== Activity ==
Extract the full listing verbatim and drop any pictures from your copy.

== Collected material ==
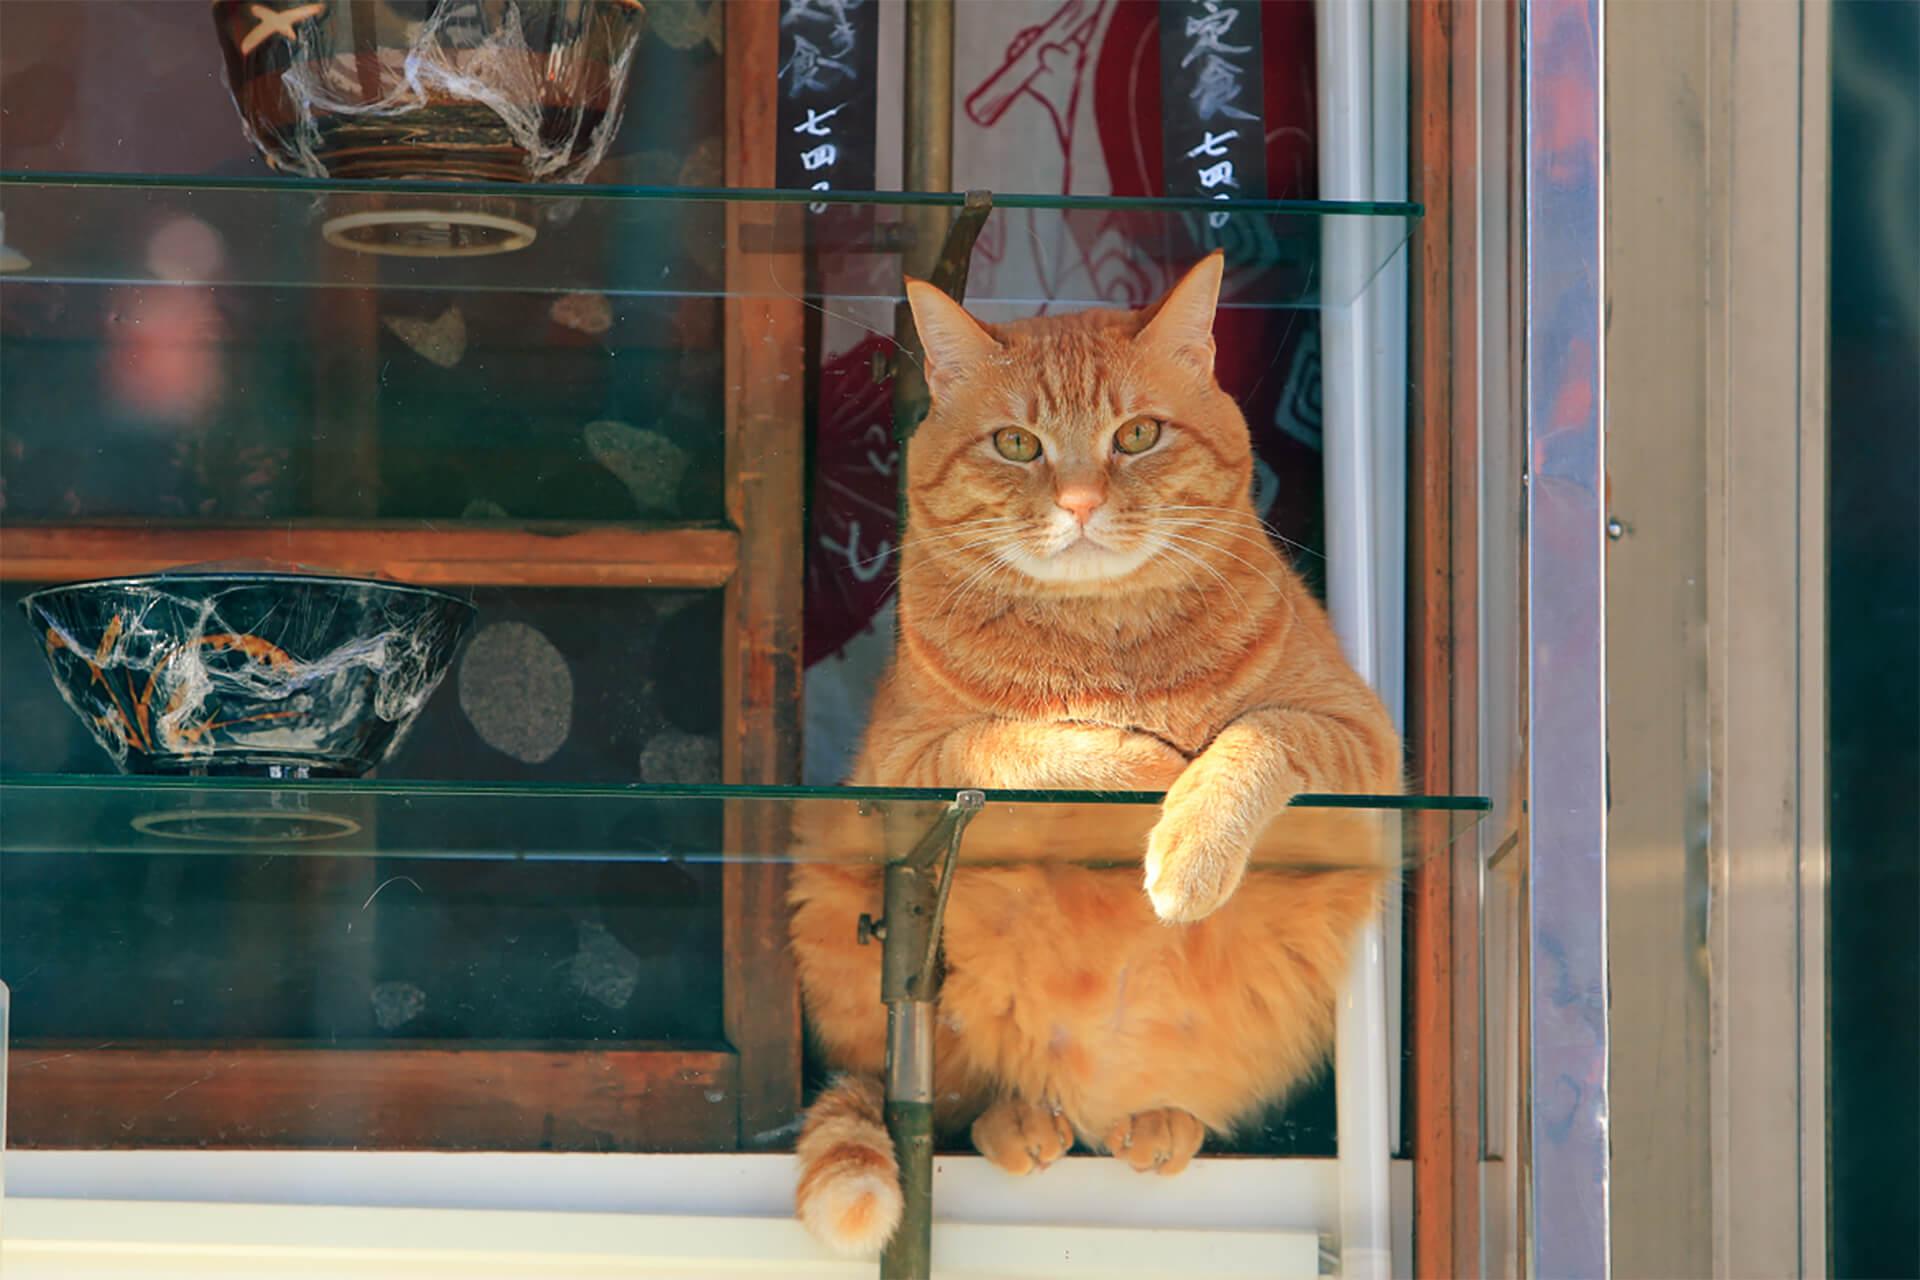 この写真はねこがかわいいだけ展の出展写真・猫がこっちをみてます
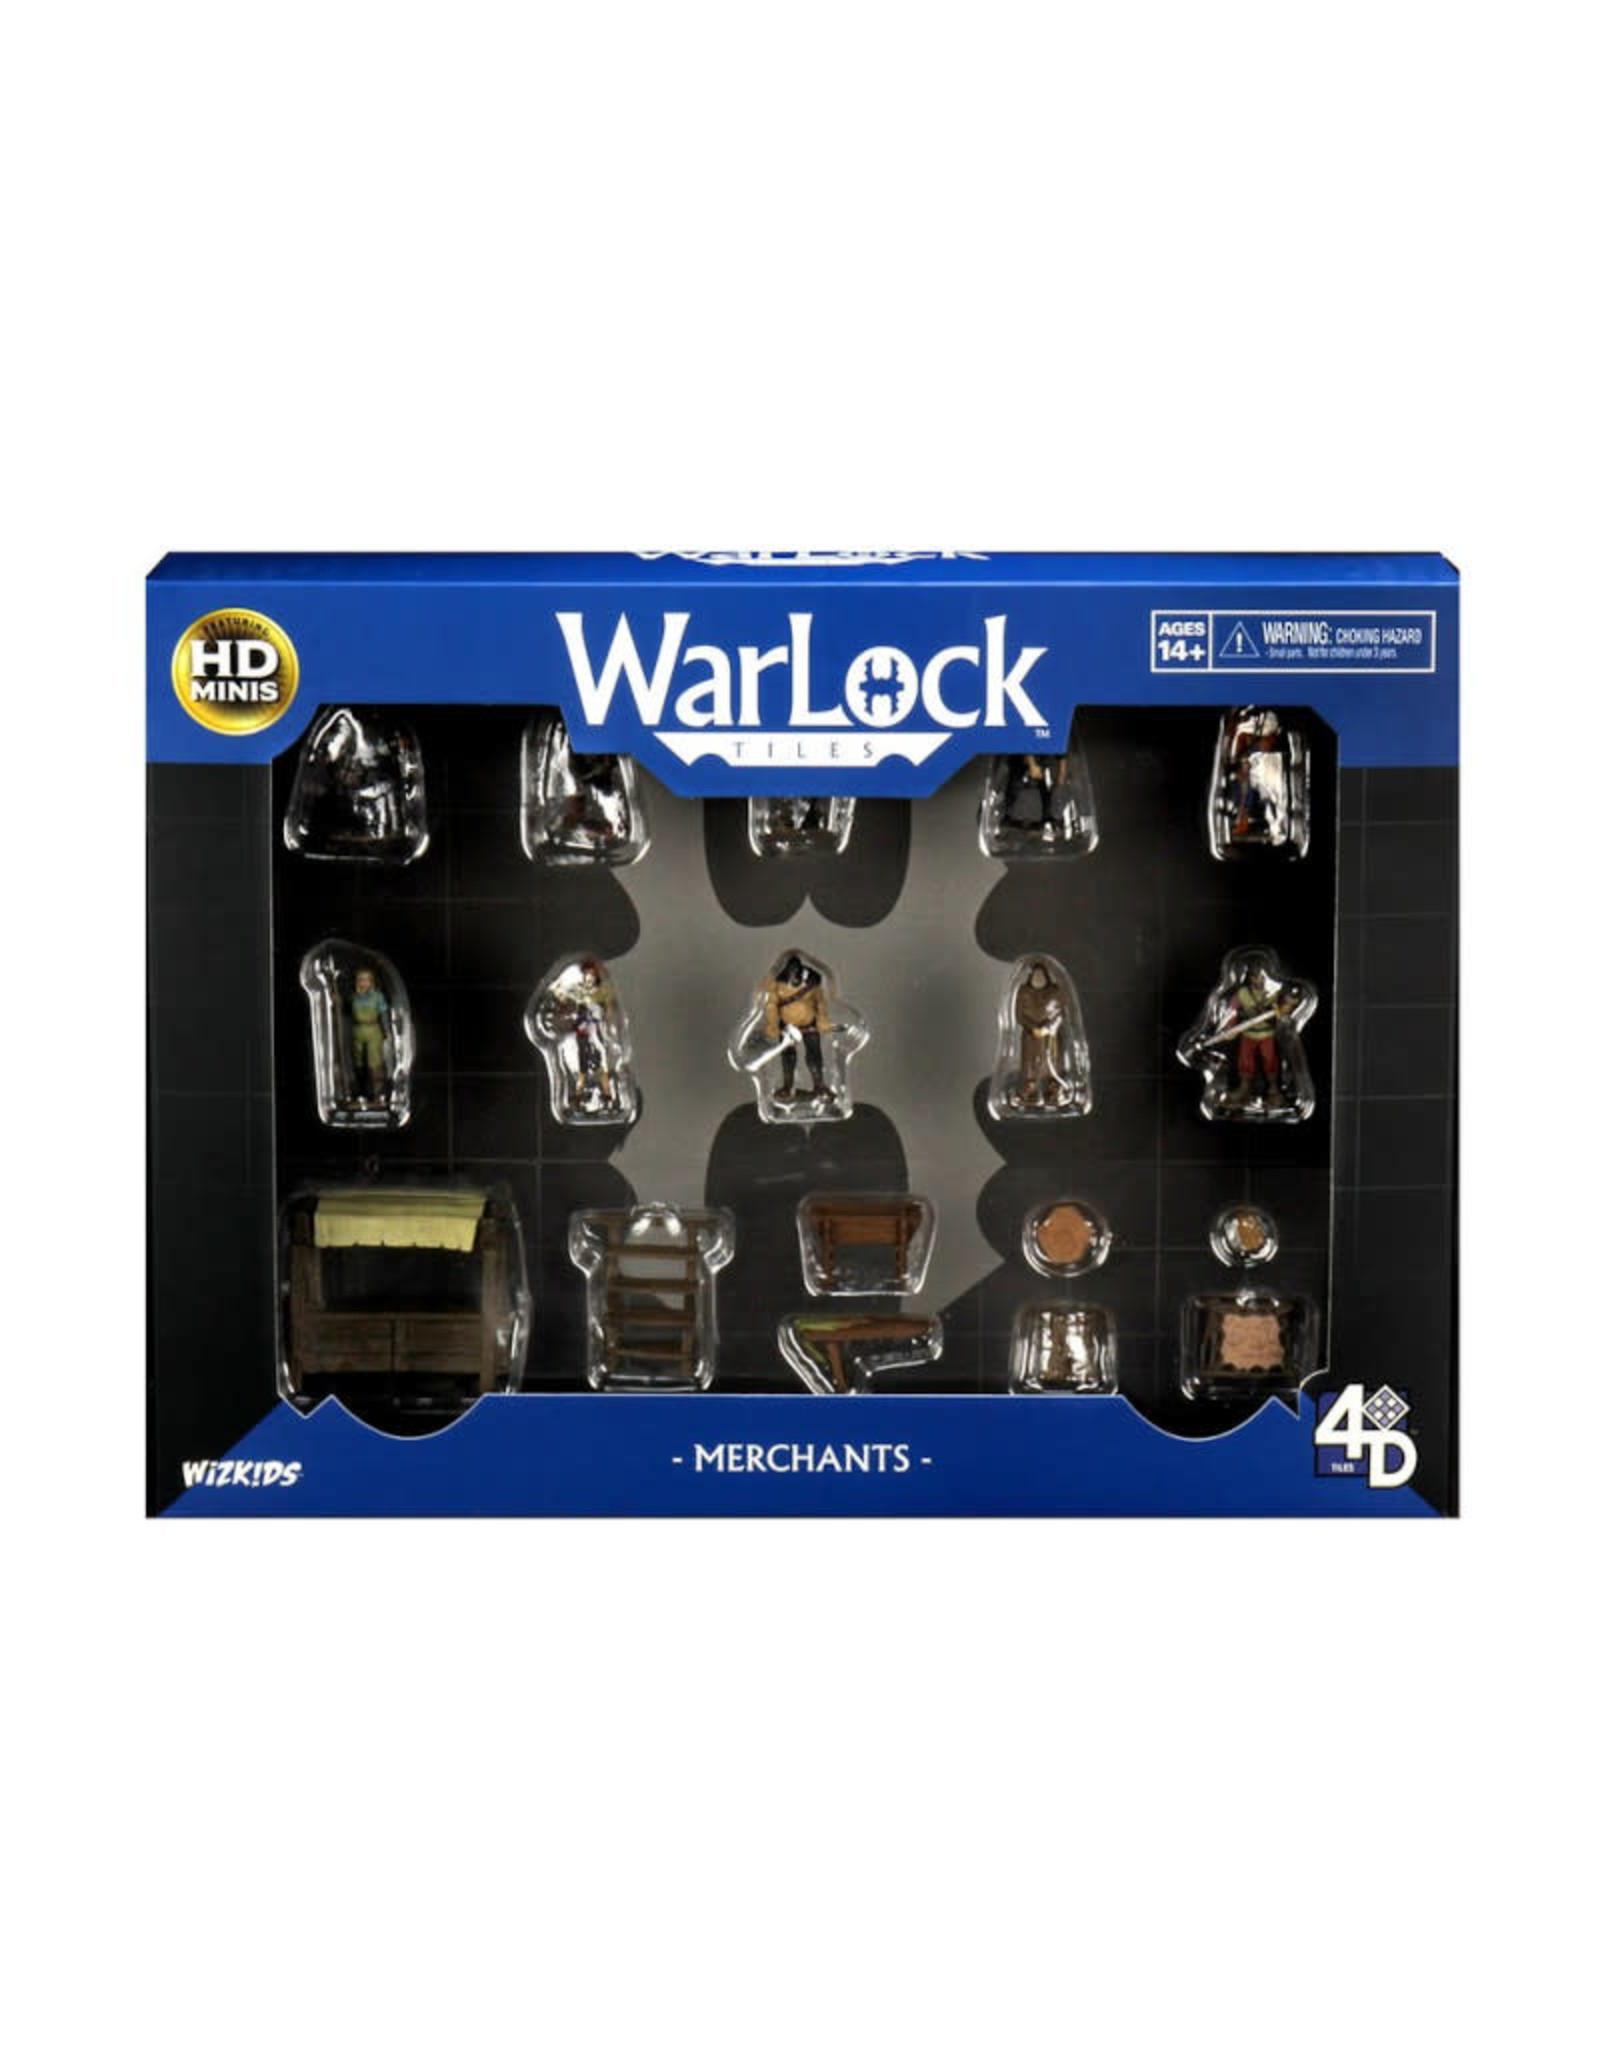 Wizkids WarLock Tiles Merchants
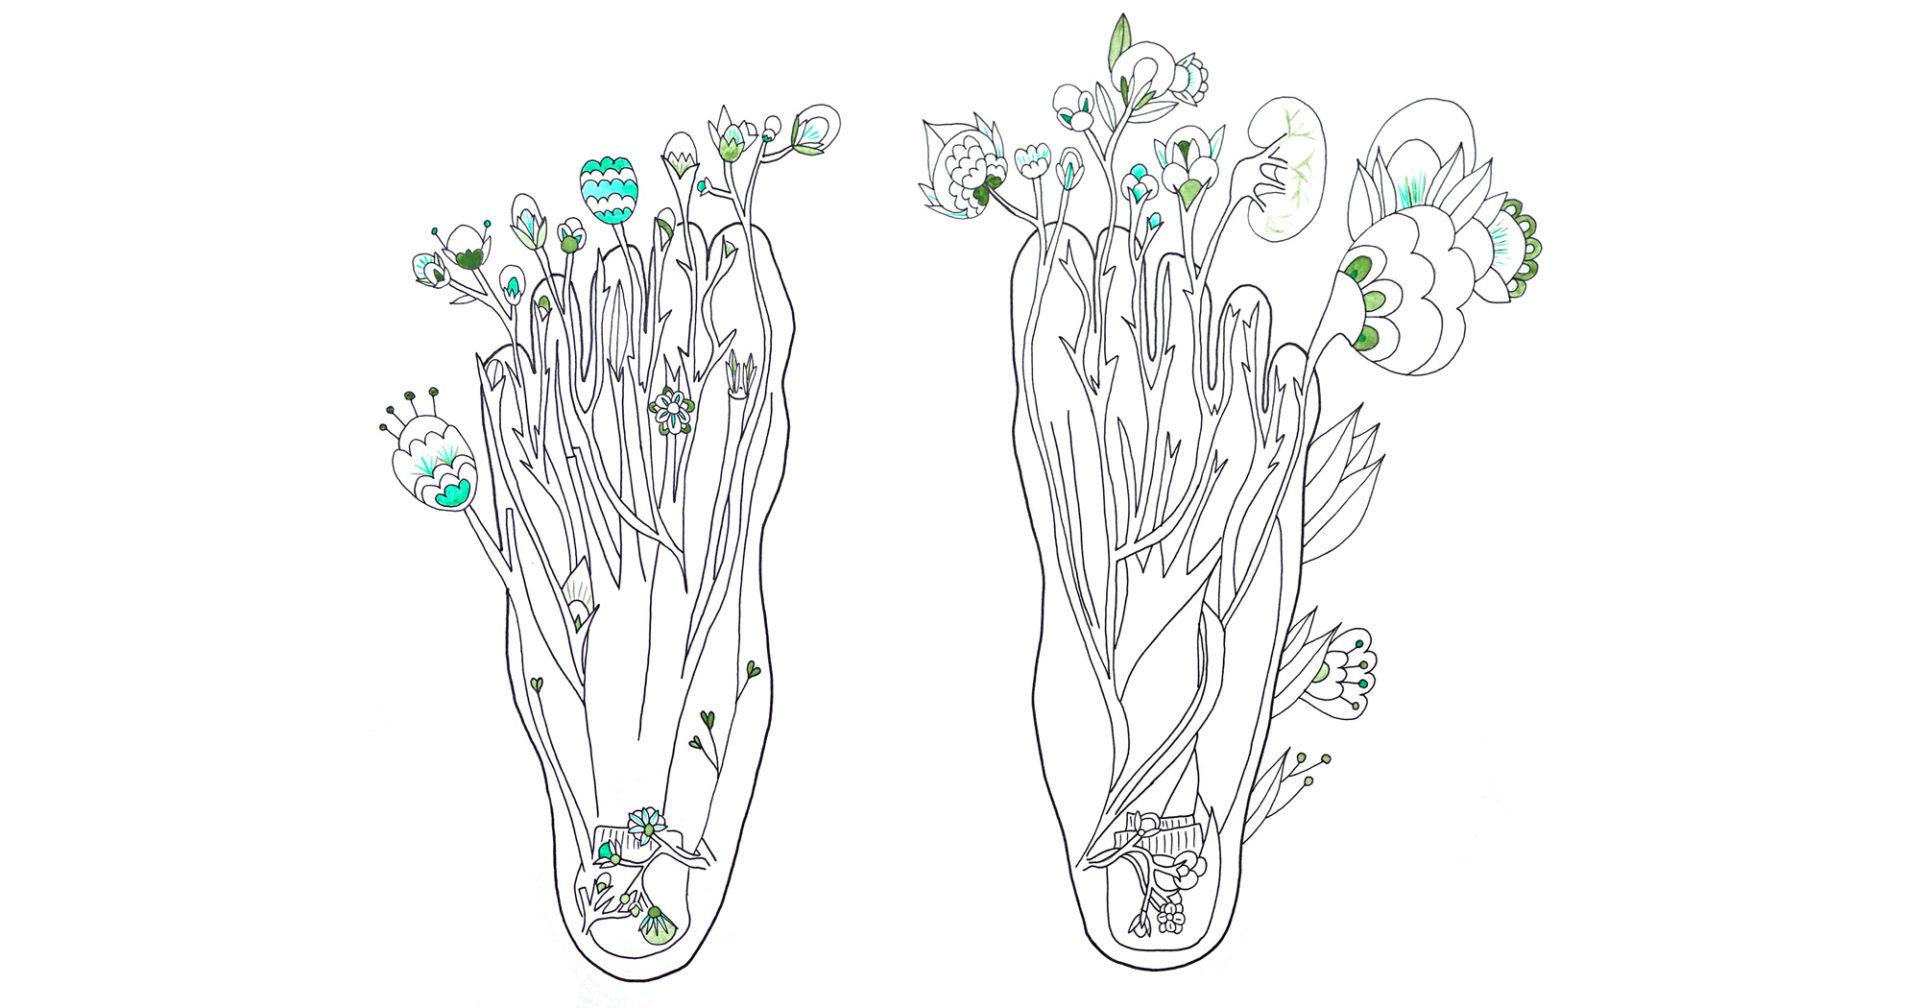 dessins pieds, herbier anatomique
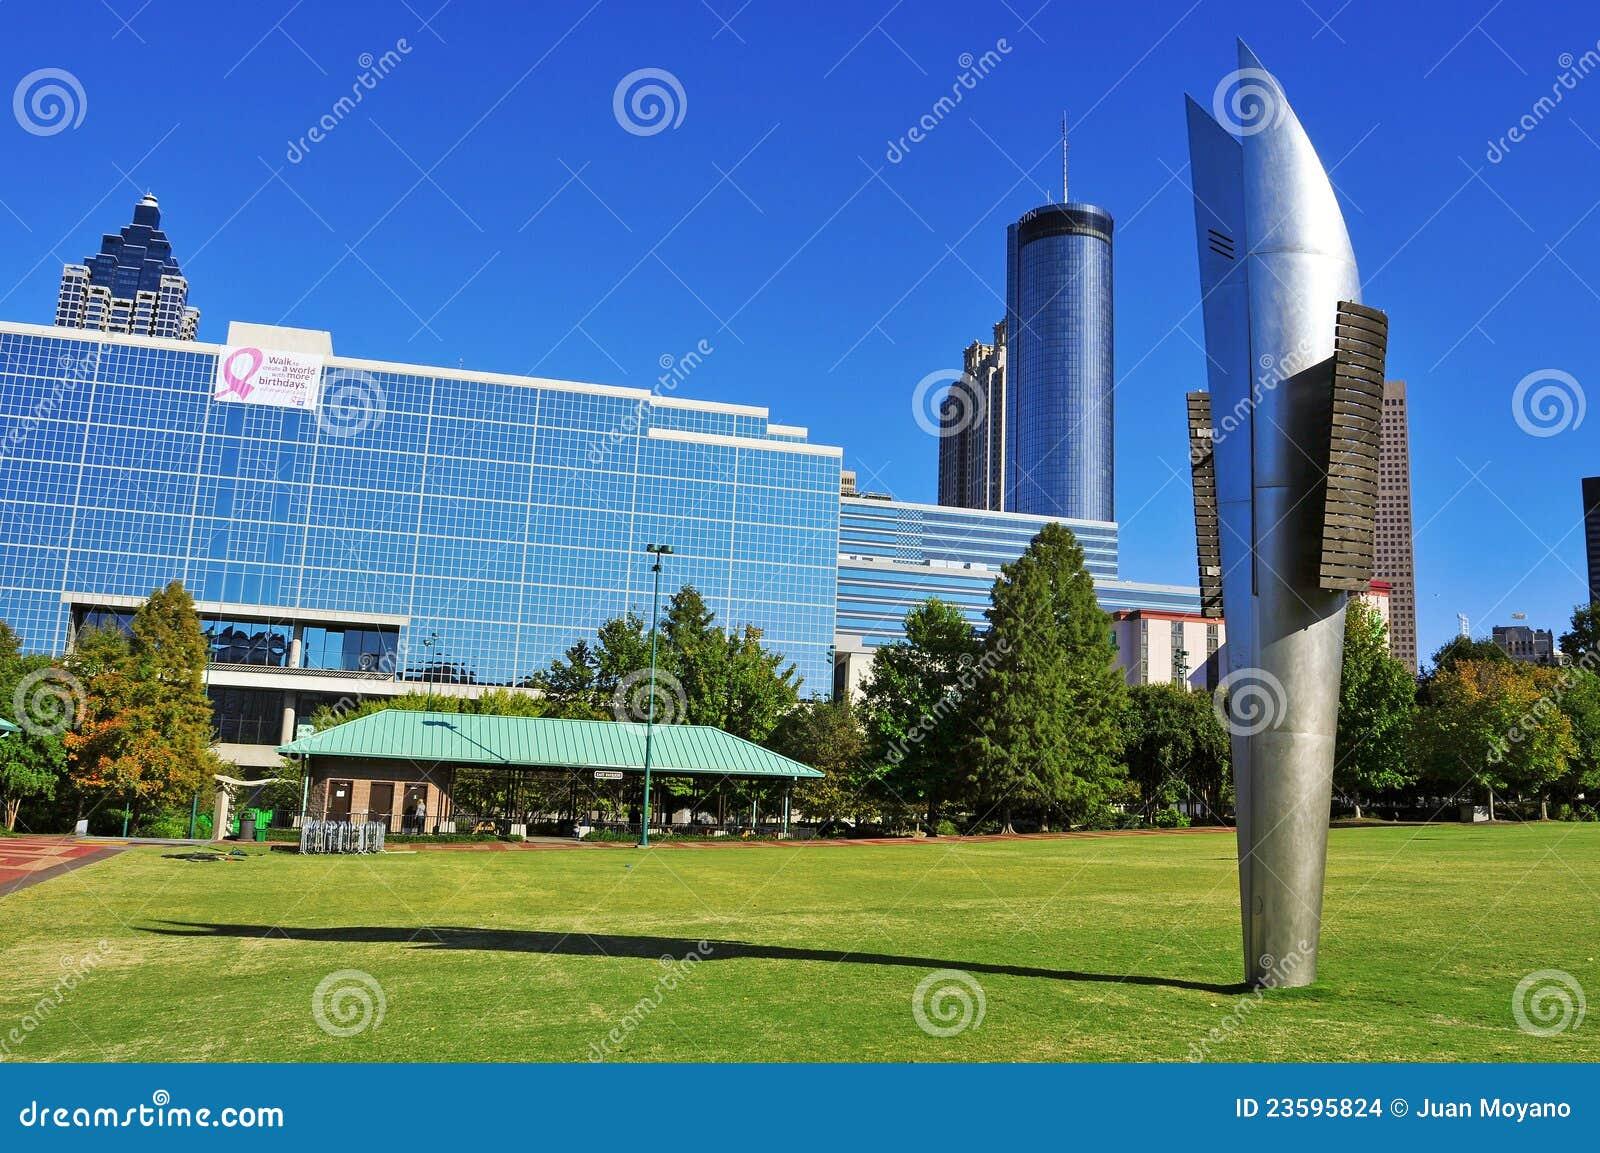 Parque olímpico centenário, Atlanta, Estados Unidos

== The completed task ==
 この写真はねこがかわいいだけ展の出展写真・猫がこっちをみてます
 Wizkids WarLock Tiles Merchants
 dessins pieds, herbier anatomique
 Parque olímpico centenário, Atlanta, Estados Unidos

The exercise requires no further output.